Но русский Самсон все еще настолько могуч, что под обломками кровли, которую он способен однажды обрушить на головы филистимлян, не выберется почти никто. В истории нового времени самые ужасные вещи творили сильные, вообразившие себя слабыми. Реальную опасность фашизма создает не голод голодных (голод ее только обостряет), но слабость сильных. Разумеется, воображаемая.

Вообще-то прогрессивное человечество давно разработало благородные принципы, согласно которым сильные должны обращаться со слабыми. Но, по-видимому, ему трудно вообразить, что слабыми, униженными себя могут чувствовать русские. По этой, а также по многим другим причинам равноправное вхождение России в престижный клуб доминирующей цивилизации дело десятилетий, если только это вообще осуществимо. А причастность к вечности и хотя бы не слишком редкие восхищенные взоры мирового сообщества необходимы уже сегодня. Однако и то, и другое создается прежде всего научной и культурной элитой.
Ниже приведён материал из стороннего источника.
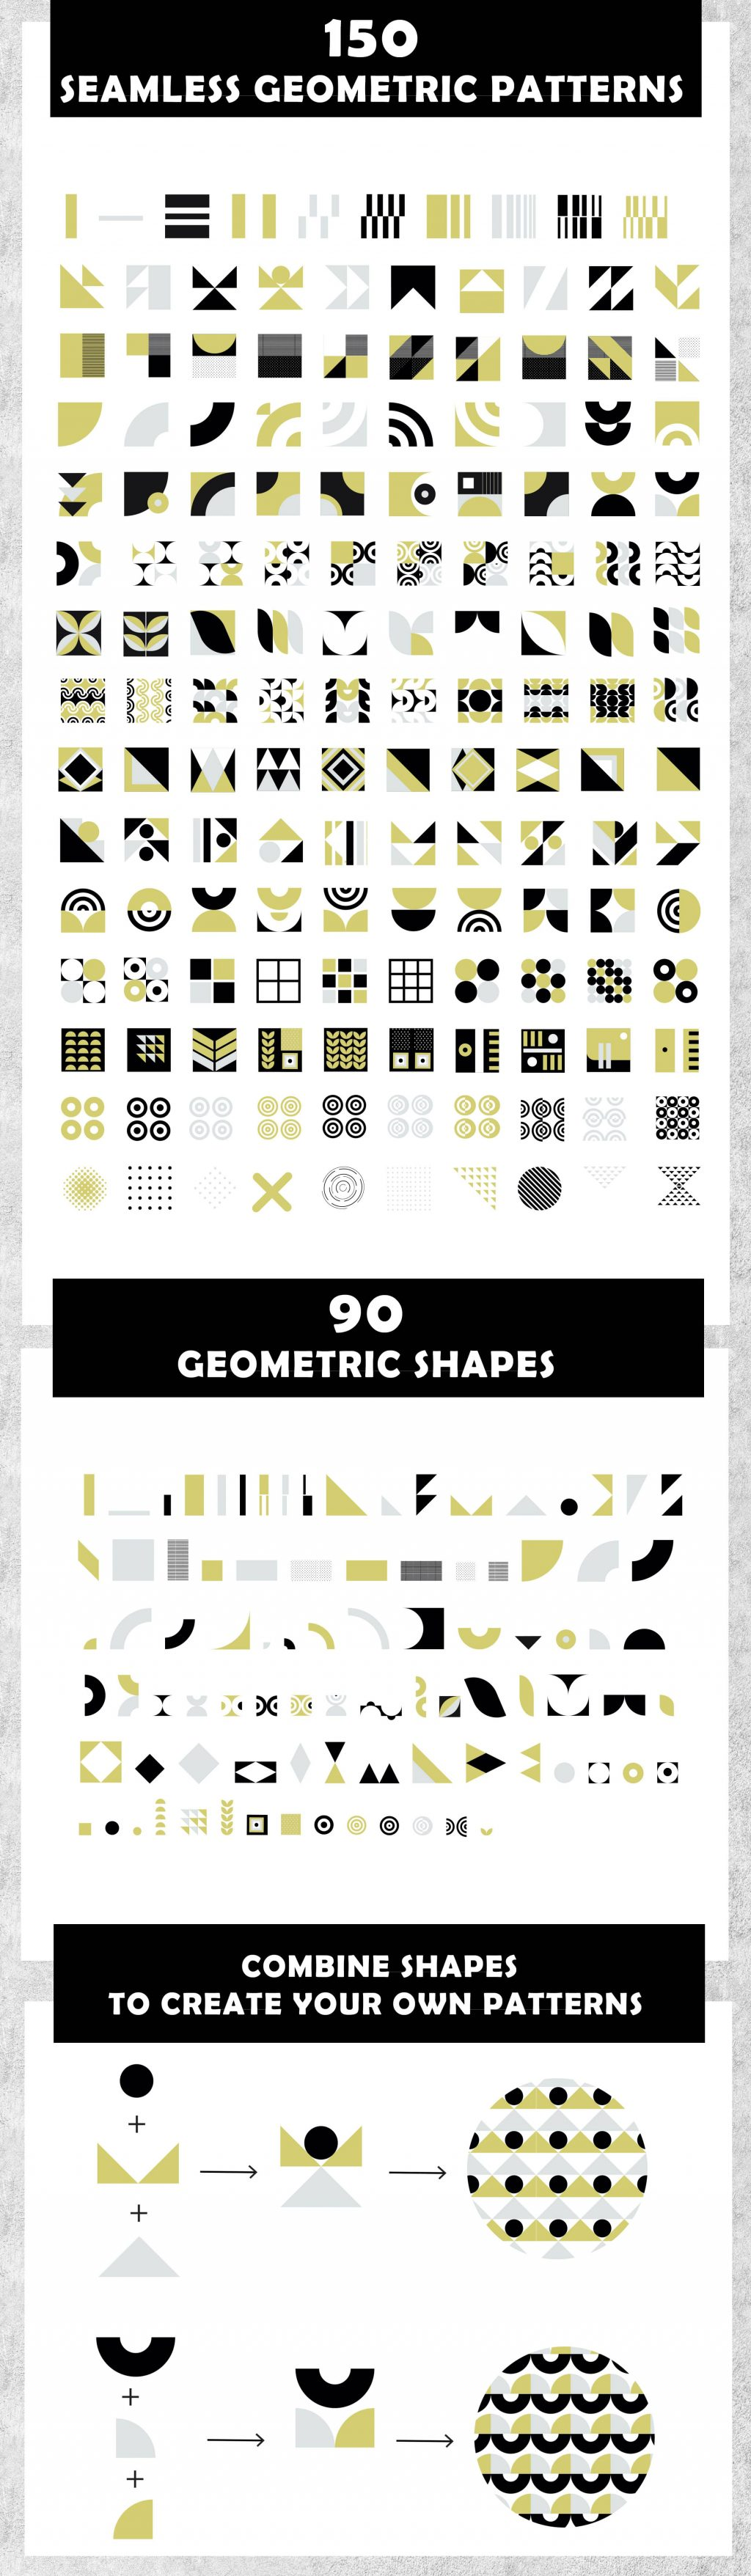 240+ Eye-catching Seamless Geometric Backgrounds, Shapes & Patterns - P 2 min

Вот ее-то укрепление и развитие и является наилучшей профилактикой ксенофобии. Когда имена и достижения русских ученых, музыкантов, режиссеров, писателей, инженеров (равно как спортсменов и предпринимателей) будут почтительно повторять на международной
арене — только тогда в России и начнет слабеть то опаснейшее для всего человечества ощущение, что западный мир сговорился не выпускать нас из гетто.

Кто спорит — повышение уровня и качества жизни наиболее обделенных важнейшая гуманитарная и государственная задача. Но создание условий для развития наиболее одаренных есть вопрос национального выживания.